### INSTRUCTIONS FOR THE TASK
The expected response is the complete listing below, restated exactly, with its pictures omitted.

### DATASET SECTION
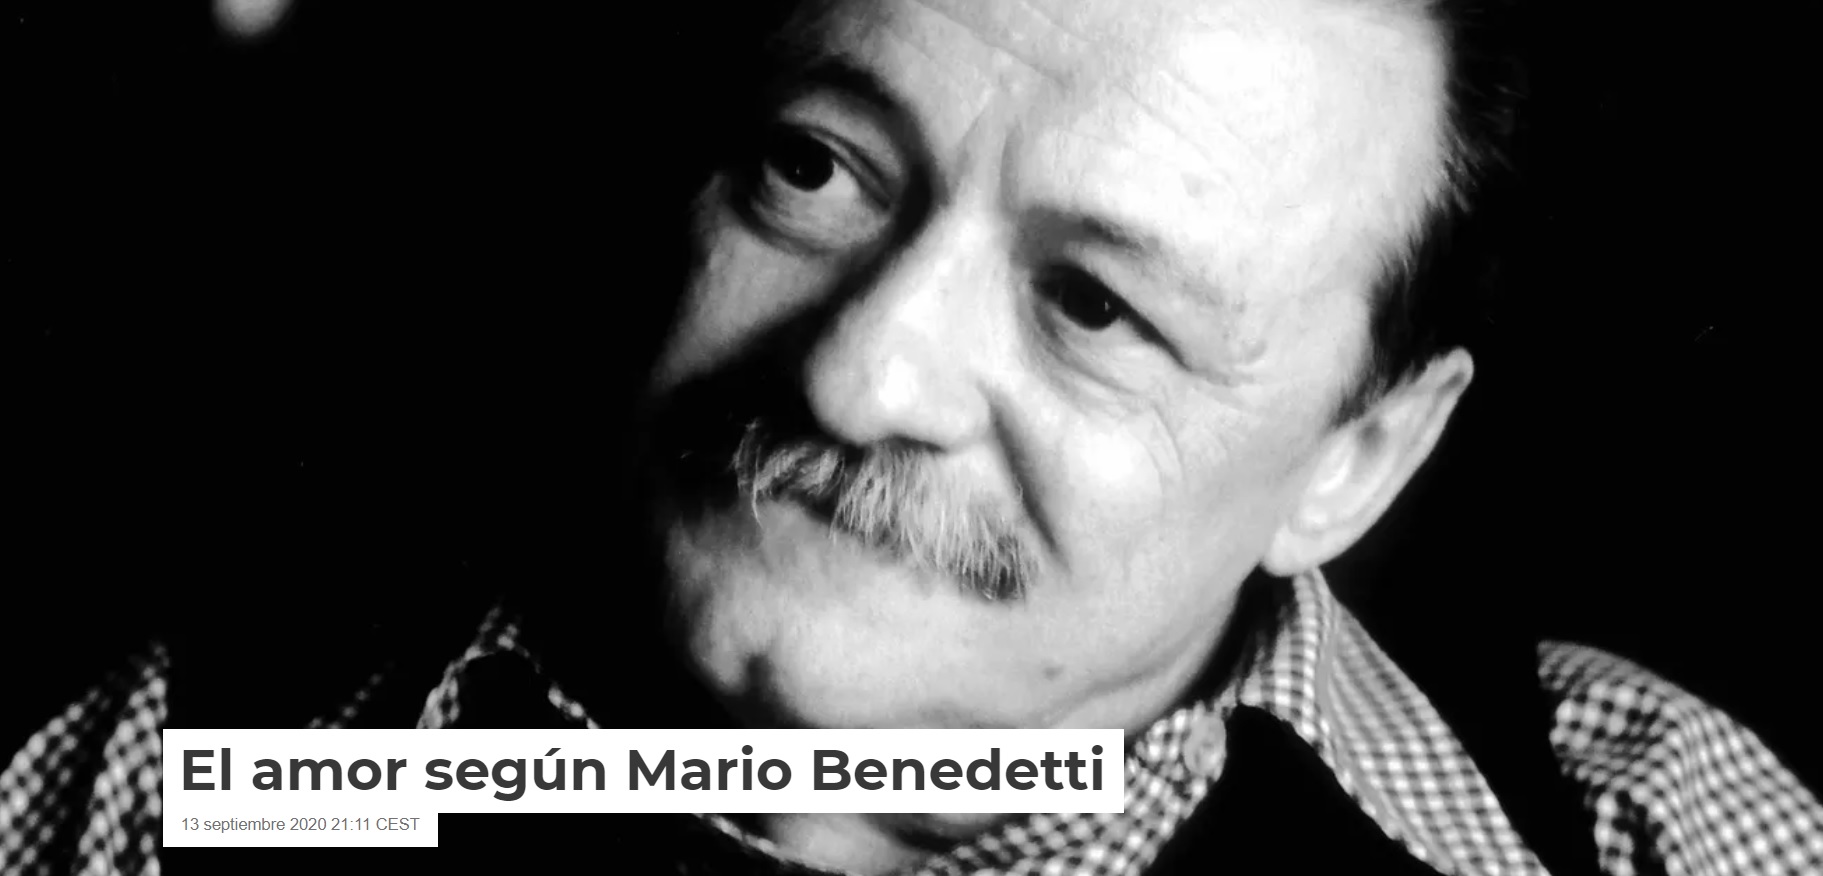 El amor según Mario Benedetti, por Anton
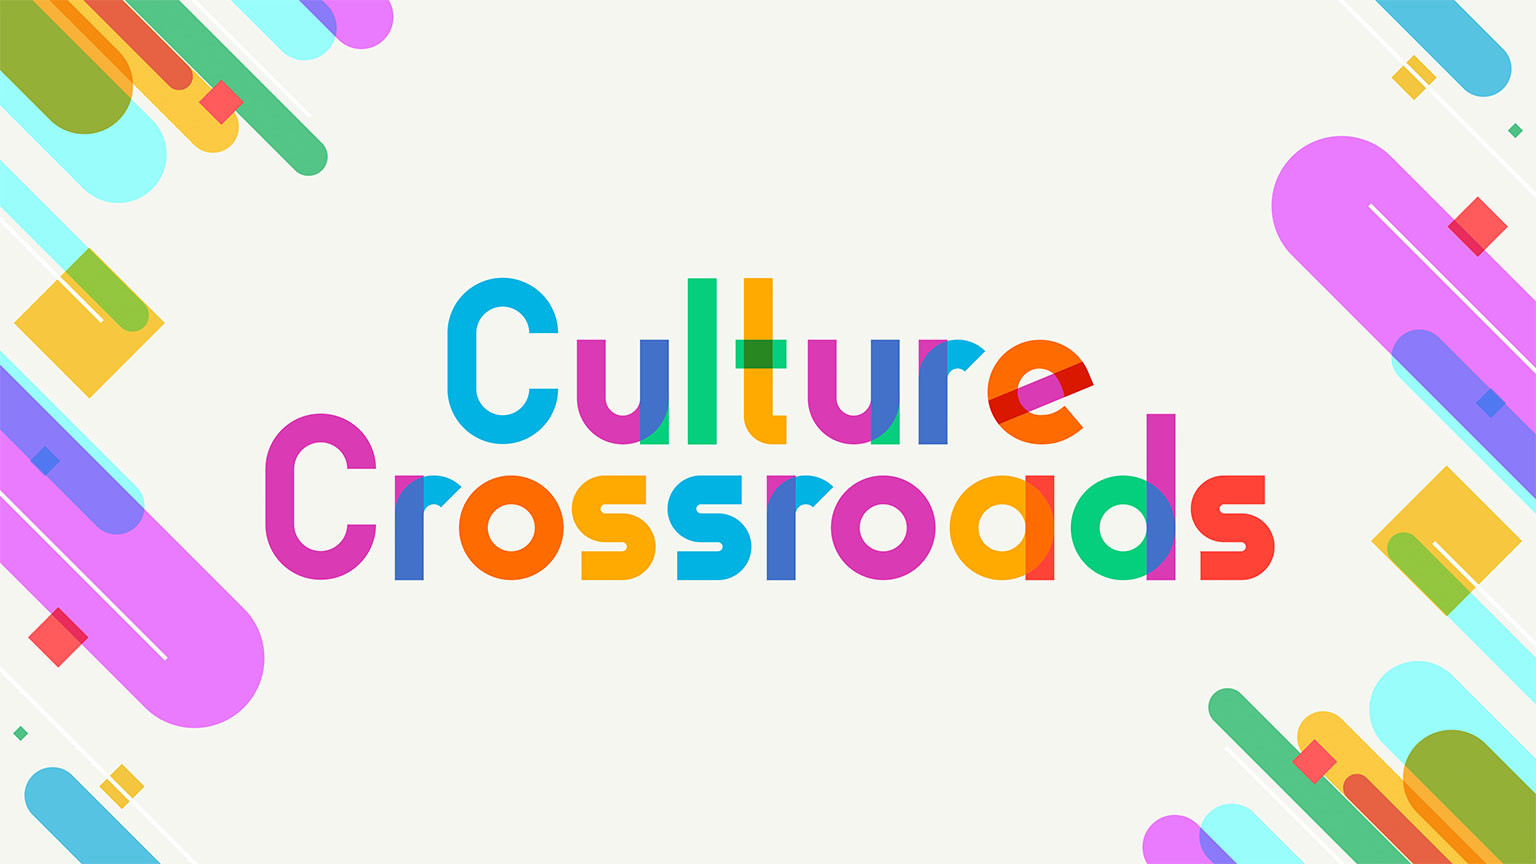 สีสันหลากวัฒนธรรม
Culture Crossroads

### YOUR SOLUTION
 El amor según Mario Benedetti, por Anton
 สีสันหลากวัฒนธรรม
Culture Crossroads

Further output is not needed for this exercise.